*** Opening Data to examine ***

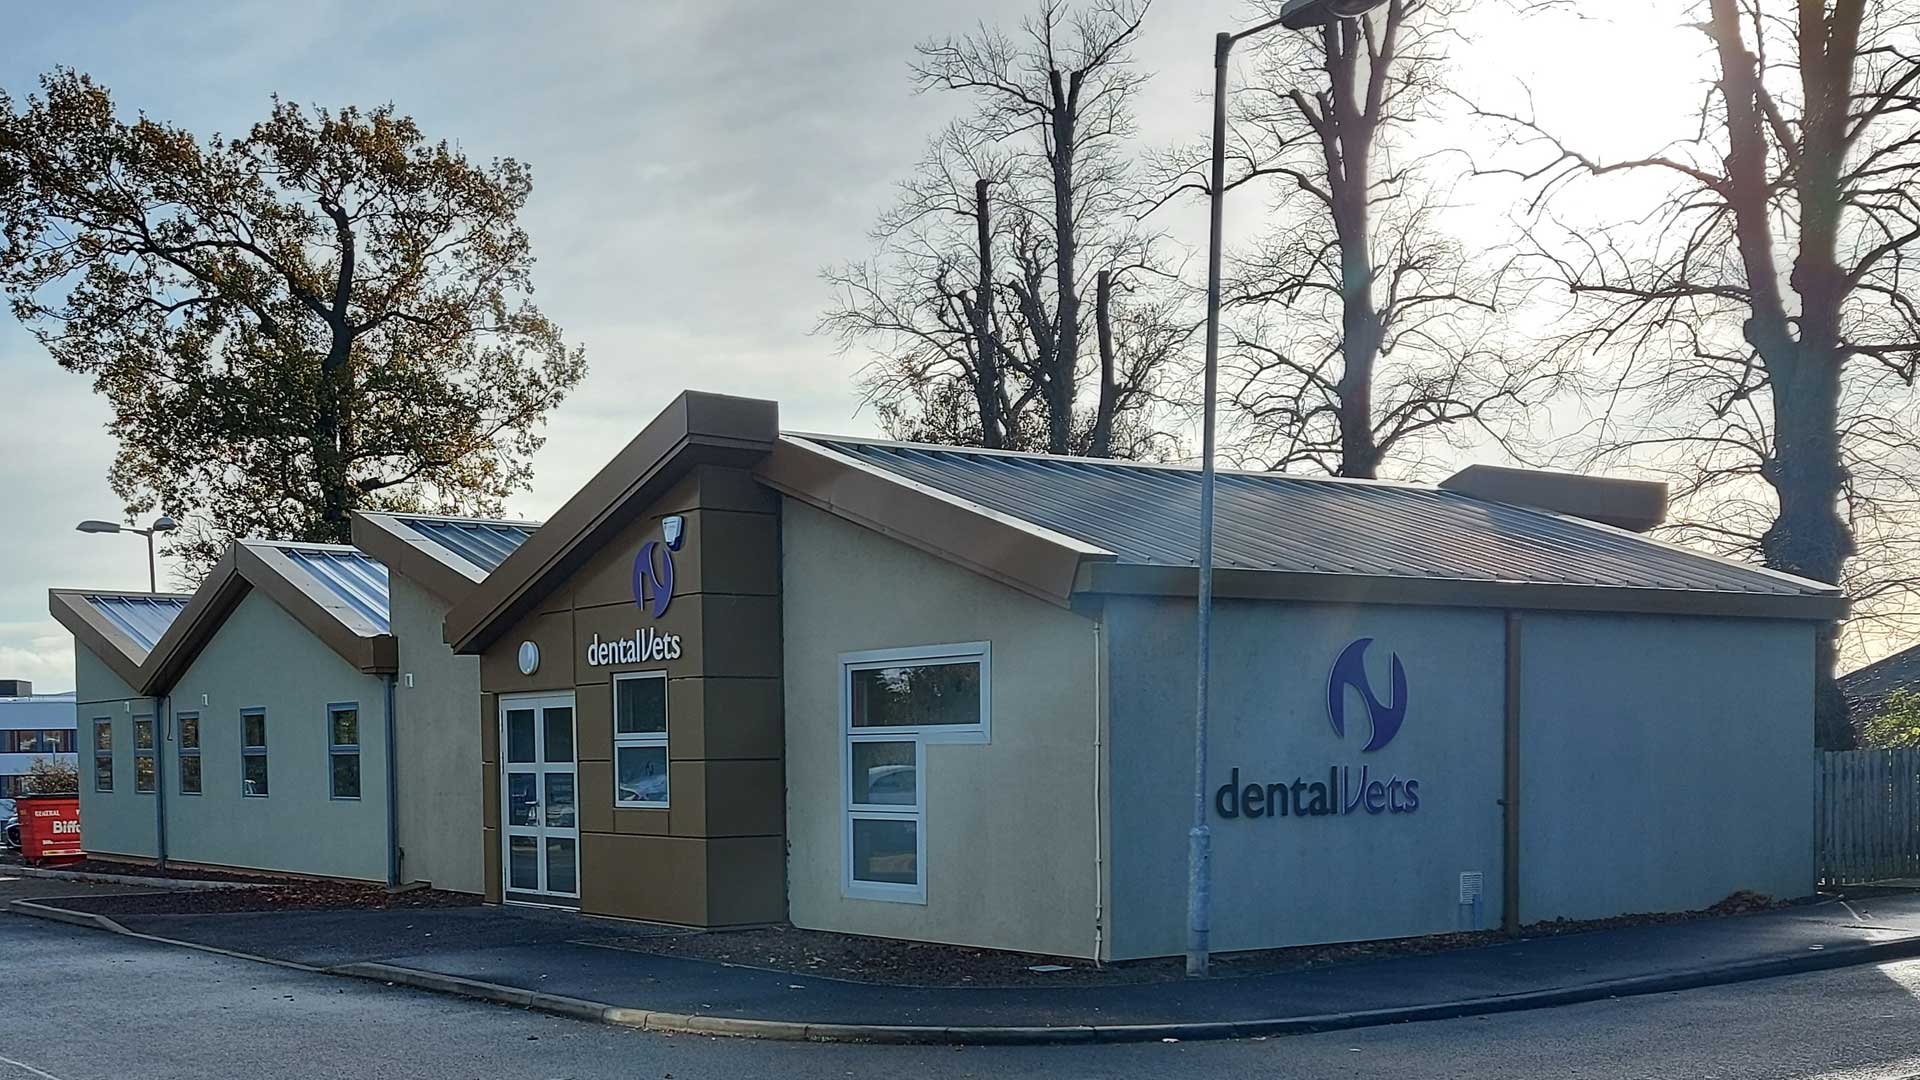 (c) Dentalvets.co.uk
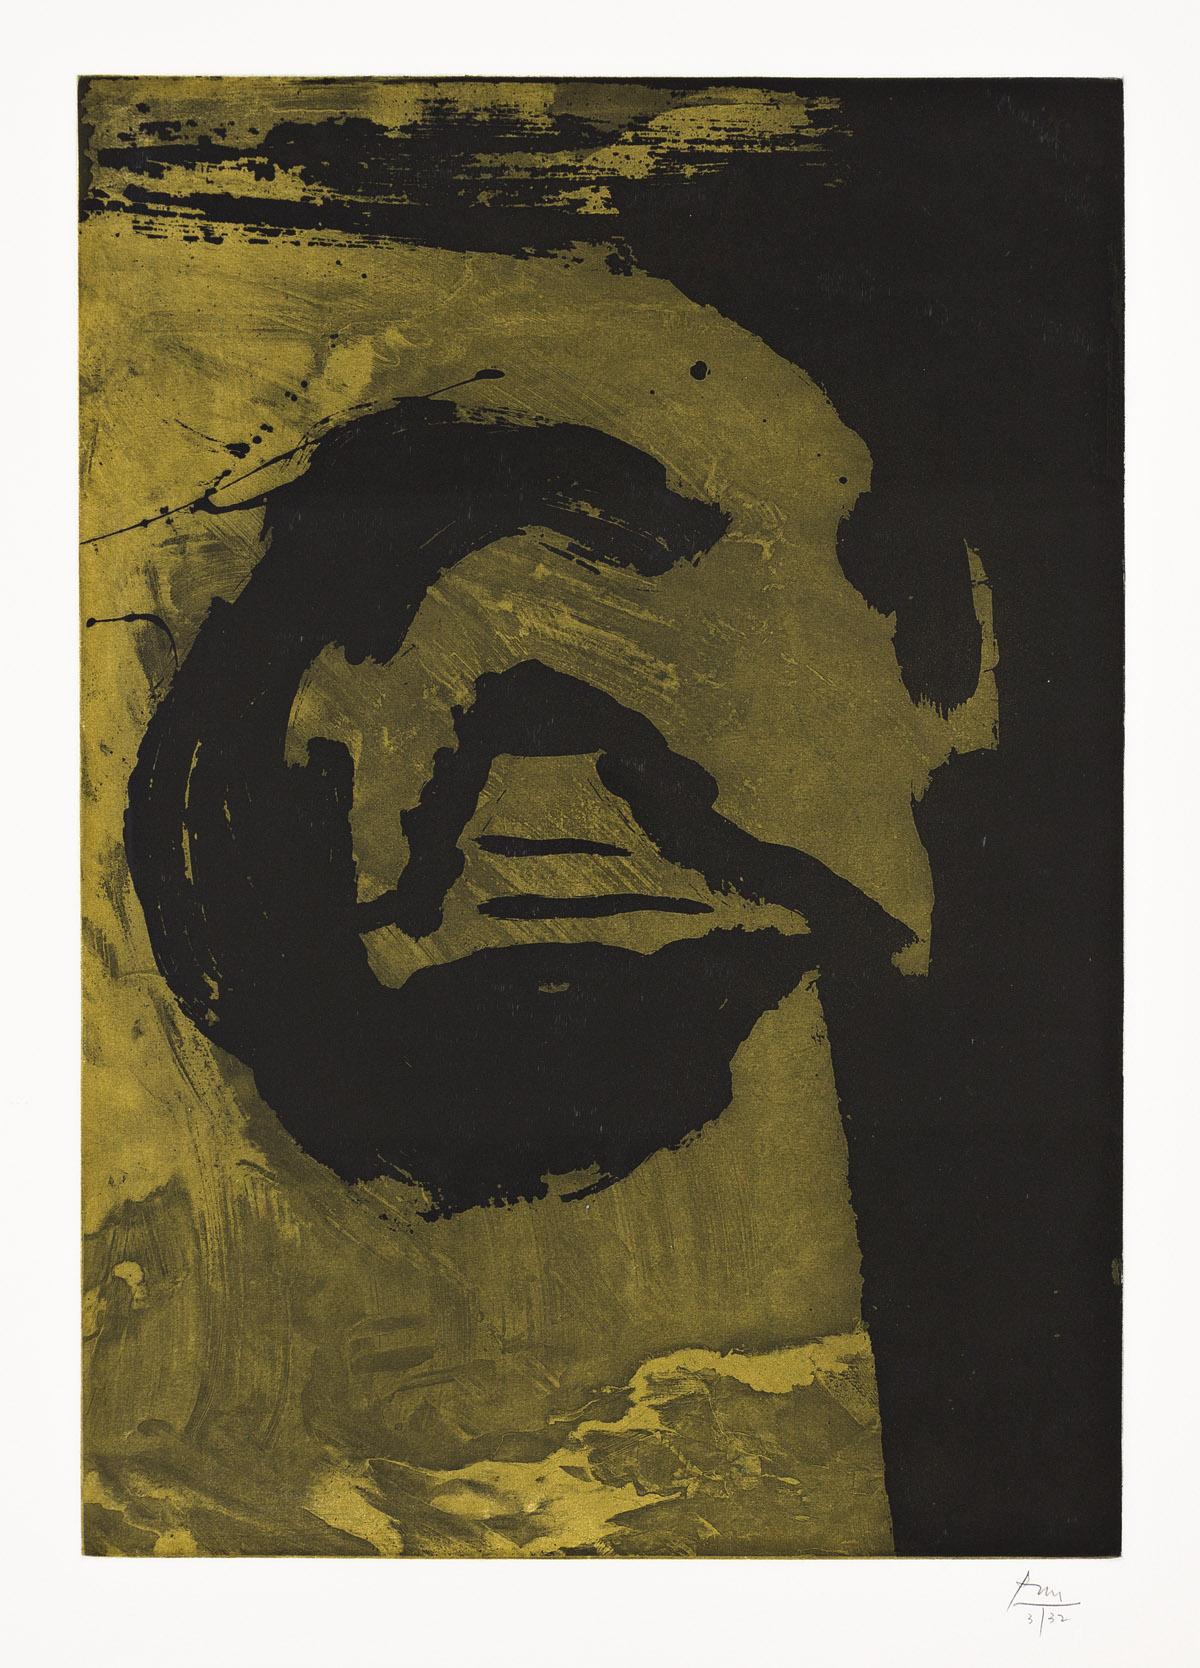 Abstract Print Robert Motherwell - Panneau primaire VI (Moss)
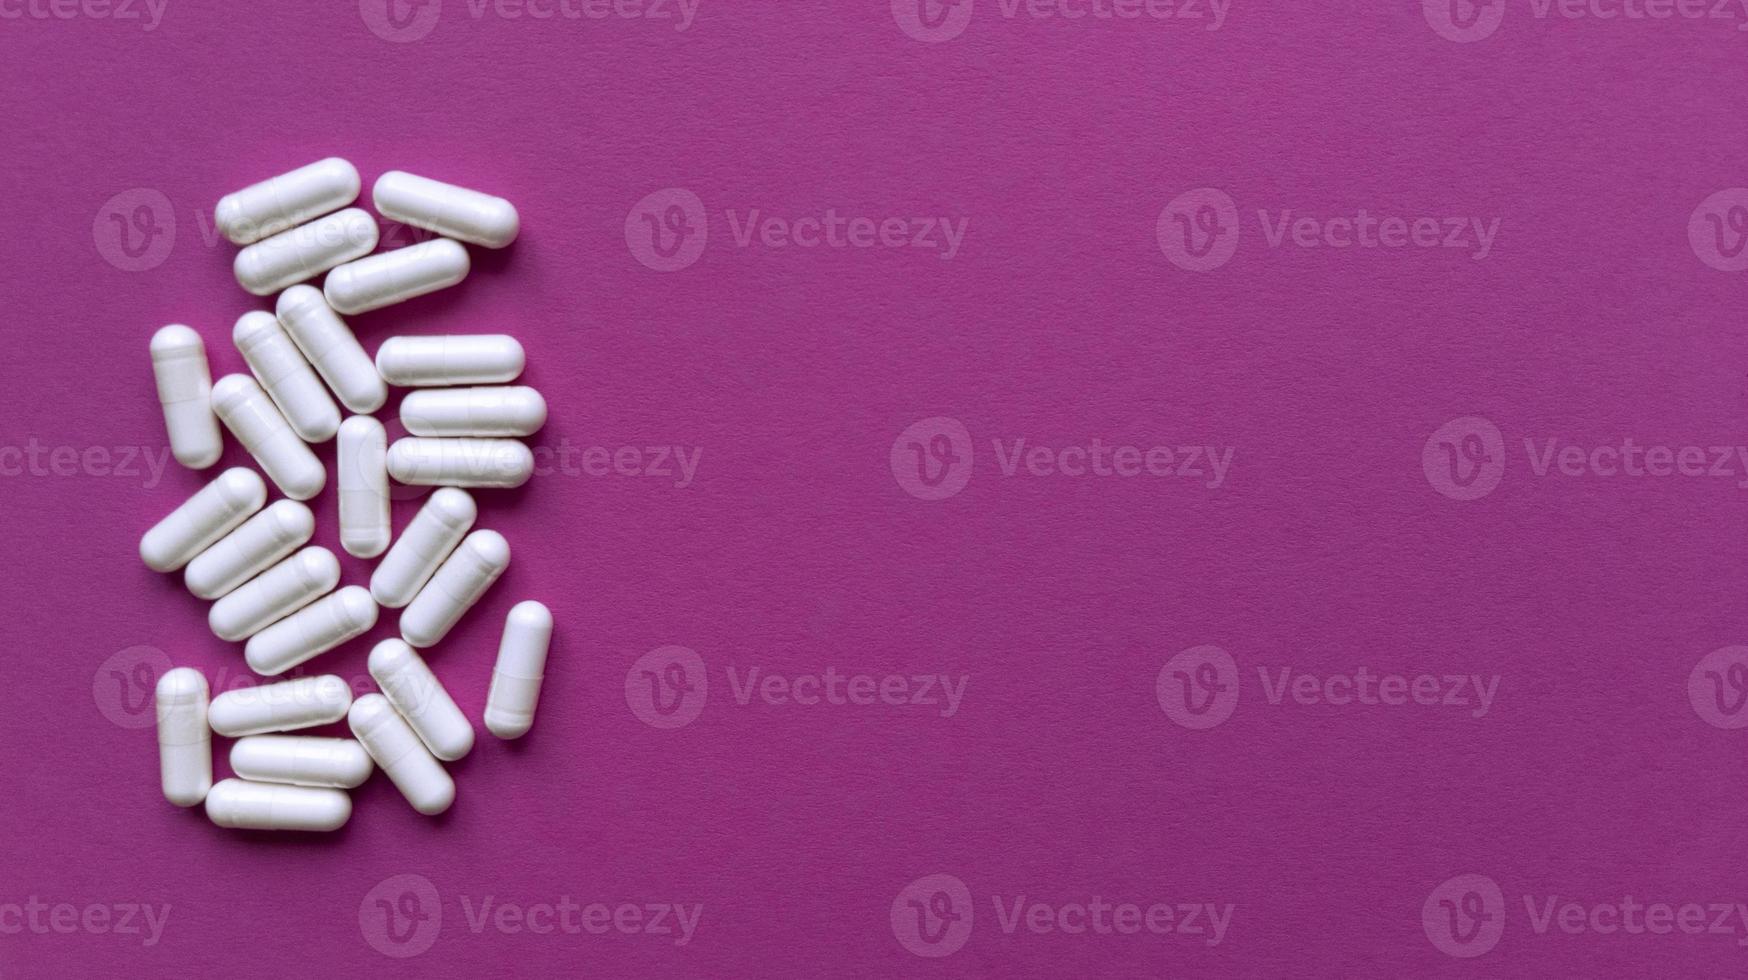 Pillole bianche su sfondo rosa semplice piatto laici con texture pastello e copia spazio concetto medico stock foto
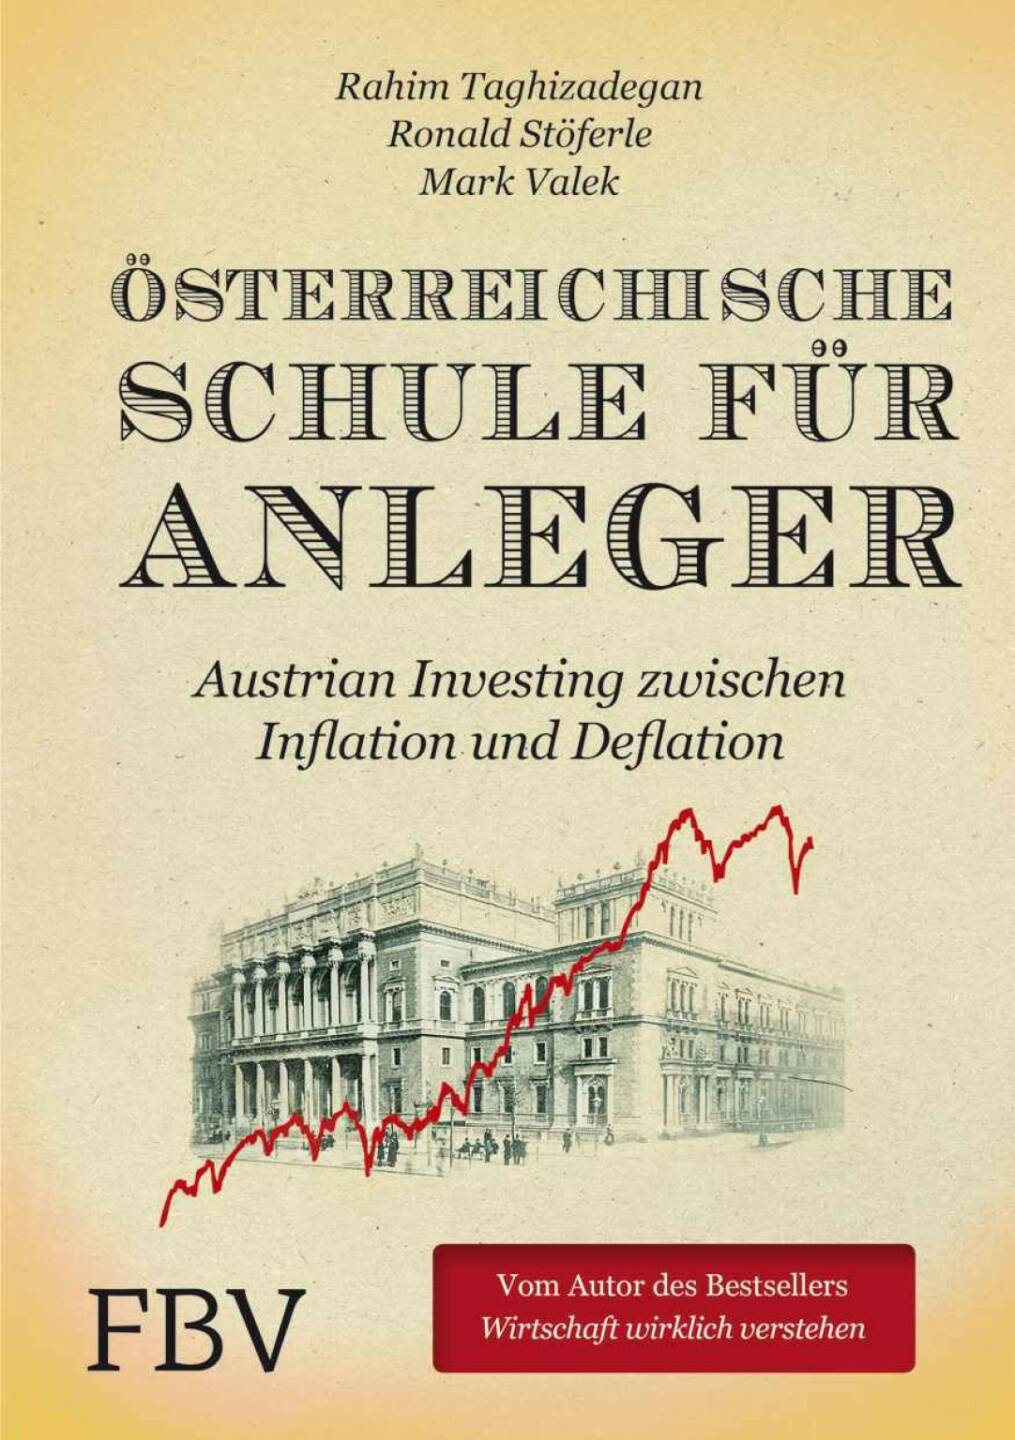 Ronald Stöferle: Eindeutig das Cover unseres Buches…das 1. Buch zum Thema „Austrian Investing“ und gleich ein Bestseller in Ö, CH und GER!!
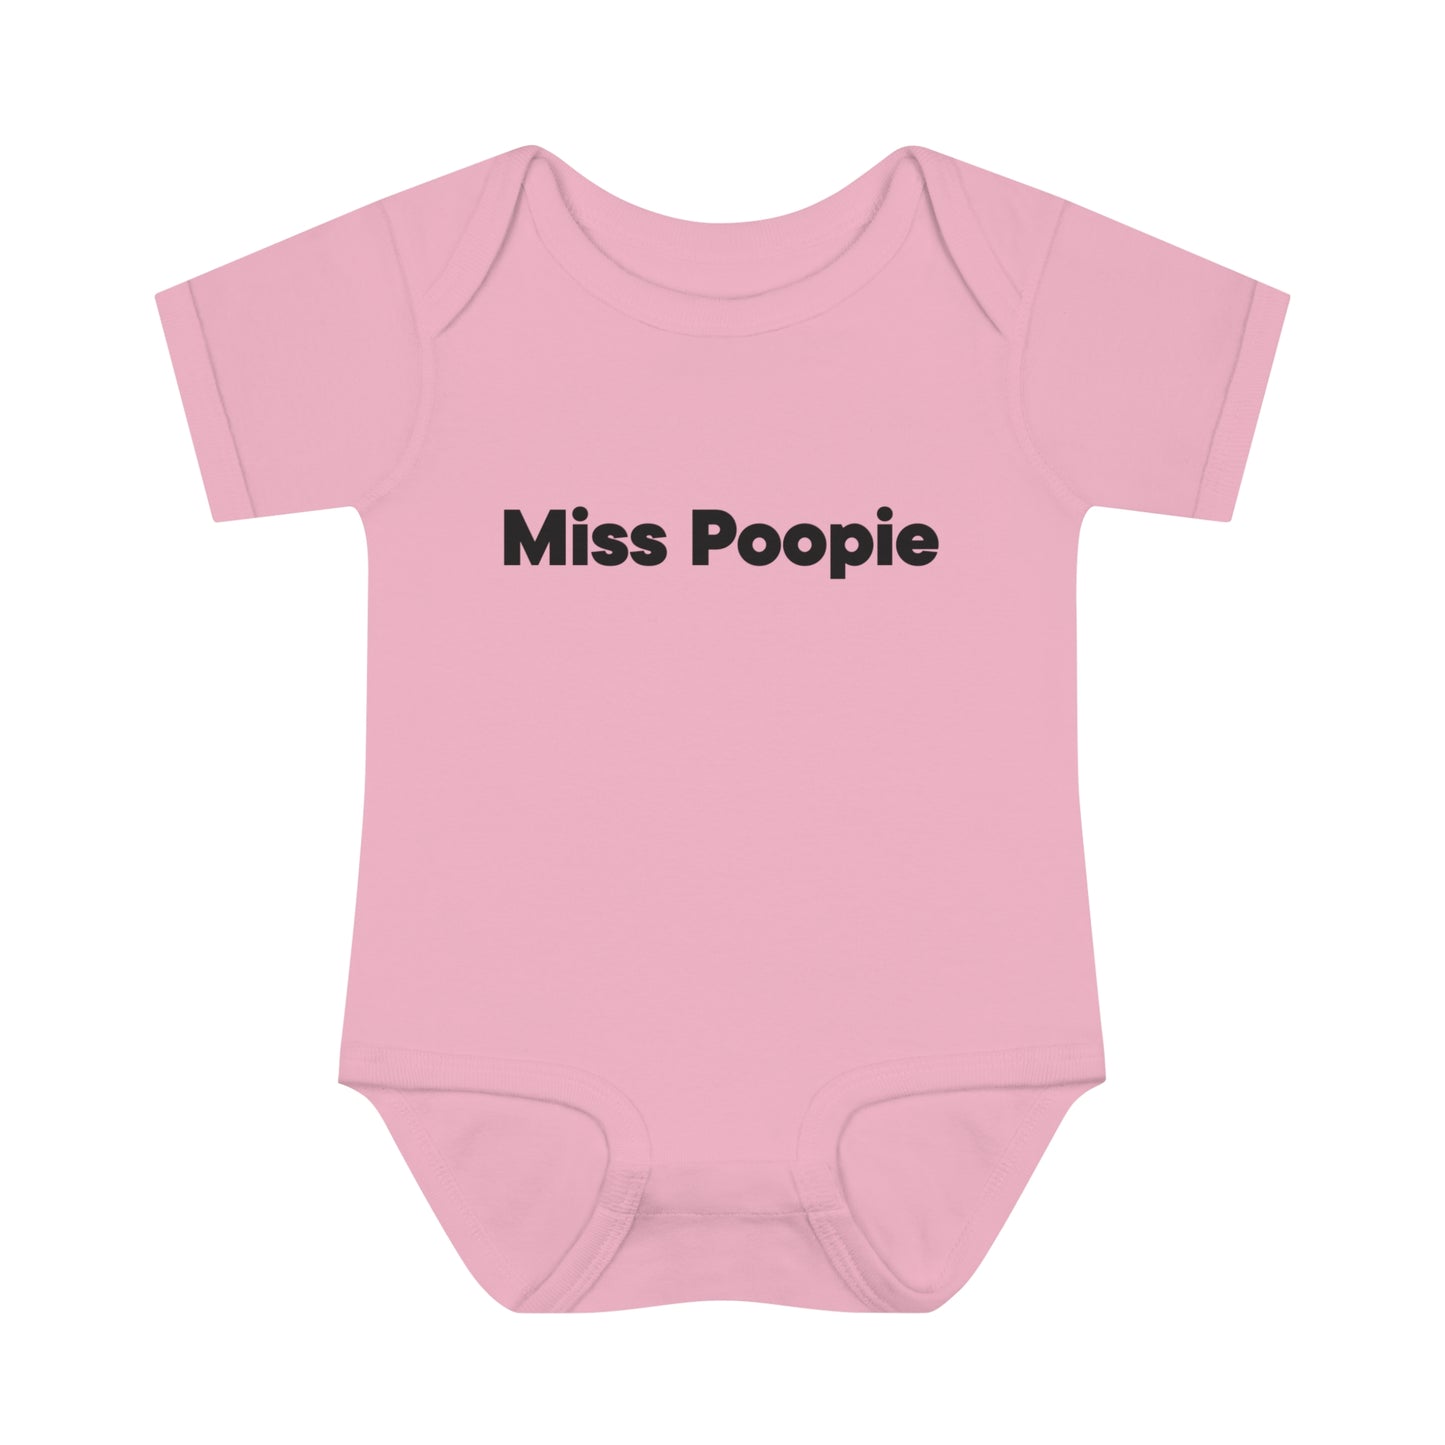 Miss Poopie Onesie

*** Closing Data to examine ***

Once the pictures are set aside, what is needed is the lines from the line with "Ronald Stöferle: Eindeutig" through the end of the data, written out exactly and alone.

 Ronald Stöferle: Eindeutig das Cover unseres Buches…das 1. Buch zum Thema „Austrian Investing“ und gleich ein Bestseller in Ö, CH und GER!!
 Miss Poopie Onesie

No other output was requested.